Part 9

145 17 9
                                    

"REVAN, mama masuk yah."

Tanpa mengalihkan pandangannya dari game di ponselnya, Revan menjawab singkat, "Iya, Ma. Masuk aja!"

Dinda pun masuk ke kamar anak semata wayangnya itu. Dia tersenyum sendu melihat Revan yang selalu saja bersikap seolah semua baik-baik saja. Padahal, dia tahu betul bahwa anaknya itu pun pasti jauh terluka daripada dirinya.

Mengambil tempat di samping anaknya, Dinda merangkul bahu Revan dan mengelus surai rambutnya. Revan yang mendapat perlakuan begitu lembut dari sang mama pun memutuskan menghentikan permainannya.

"Ada apa, Ma?"

Dia tidak sebodoh itu untuk mengetahui bahwa mamanya jauh lebih tidak baik-baik saja daripada kemarin.

"Papa ...."

"Ngomong aja, Mah. Nggak papa," ujar Revan meyakinkan mamanya.

"Papa tadi ngirim surat cerai, Revan," ujar mamanya dengan nada bergetar.

Tangan Reval mengepal, rahangnya mengeras, dia marah. Marah kepada papanya, pada dirinya, dan pada kenyataan yang begitu menyesakkan.

Revan membawa mamanya untuk bersandar di dadanya, dia mengelus punggung mamanya yang mulai terisak. Dia tak peduli kaosnya basah, asal mamanya bisa meluapkan segala sakit hatinya. Dia bahkan rela mengotori tangannya untuk melukai ayah kandungnya itu jika mamanya mengizinkan, sayangnya itu tidak akan. Mamanya ini jatuh terlalu dalam hanya untuk pria tua brengsek itu.

Lama kelamaan, isakan mamanya mereda. Revan bergeser dan menidurkan mamanya di ranjang miliknya. Saking terlalu lelahnya, mama yang memang memiliki anemia, gampang sekali tumbang.

Setelah menyelimuti tubuh mamanya, Revan mengambil kunci motor di atas nakas dan memutuskan mencari angin di luar. Terlalu banyak kenangan indah yang tidak ingin Revan ingat di rumah ini. Kenangan indah yang penuh kepalsuan, untuk apa diingat?
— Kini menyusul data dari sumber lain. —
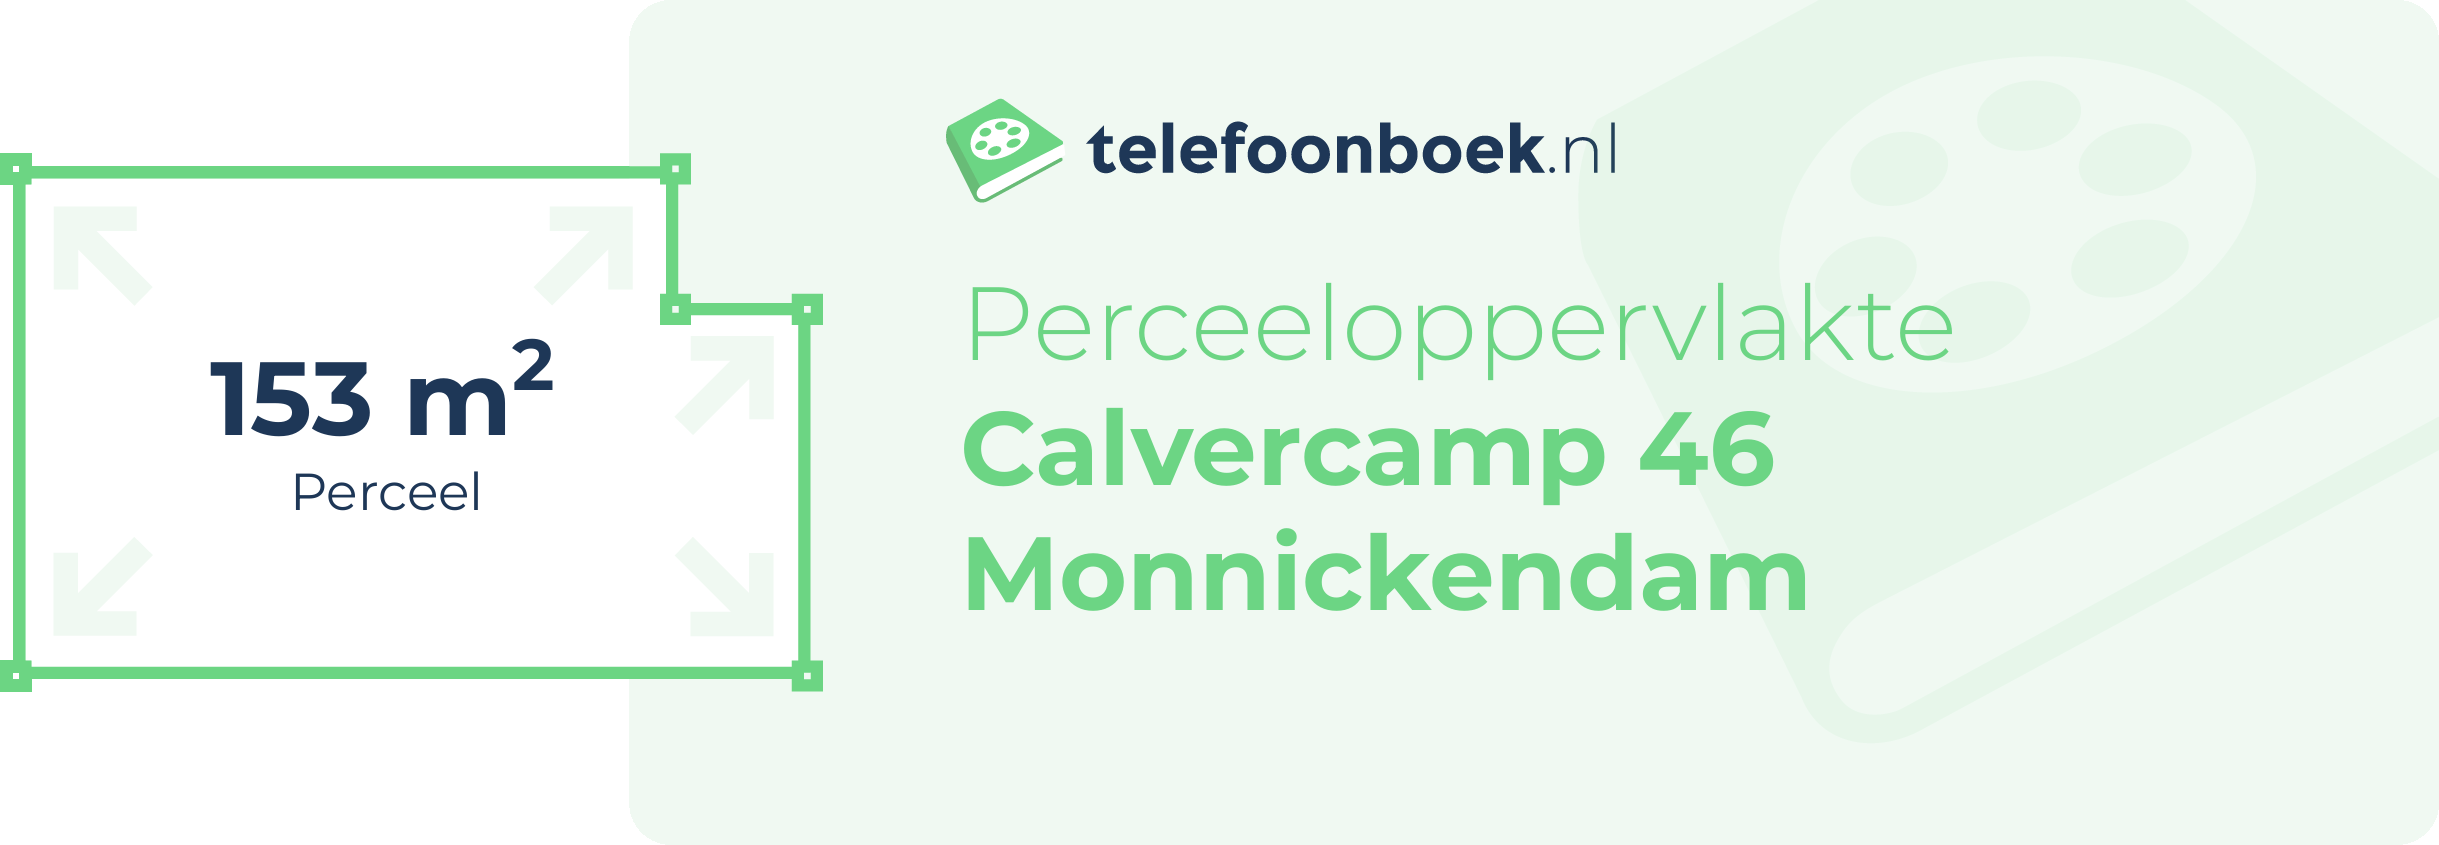 Perceeloppervlakte Calvercamp 46 Monnickendam

Dia pun mengendarai motornya dengan kecepatan penuh, hingga netranya menangkap kehadiran Aleena dan Alex yang sedang berboncengan motor. Sejenak, netranya bersitatap dengan mata bulat Aleena sebelum sedetik kemudian dia mengalihkan pandangannya dan semakin menambah kecepatan motornya, berlalu dari pemandangan yang justru semakin menambah buruk mood-nya.

***

Hari masih pagi, tetapi Sabtu merupakan hari libur bagi sekolahnya. Biasanya, Revan akan menghabiskan waktunya untuk bermain game seharian di rumah seperti tadi. Namun, detik ini, untuk pertama kalinya, Revan menjejakkan kakinya di GOR sekolah pada hari libur! Sungguh keajaiban bukan?

Dengan sangat percaya diri, Revan menuju lapangan basket yang berada di dalam GOR. Dia mulai bermain basket tanpa menghiraukan segelintir orang yang nampaknya tertarik melihat permainannya. Dalam pikirannya, dia hanya butuh pelampiasan.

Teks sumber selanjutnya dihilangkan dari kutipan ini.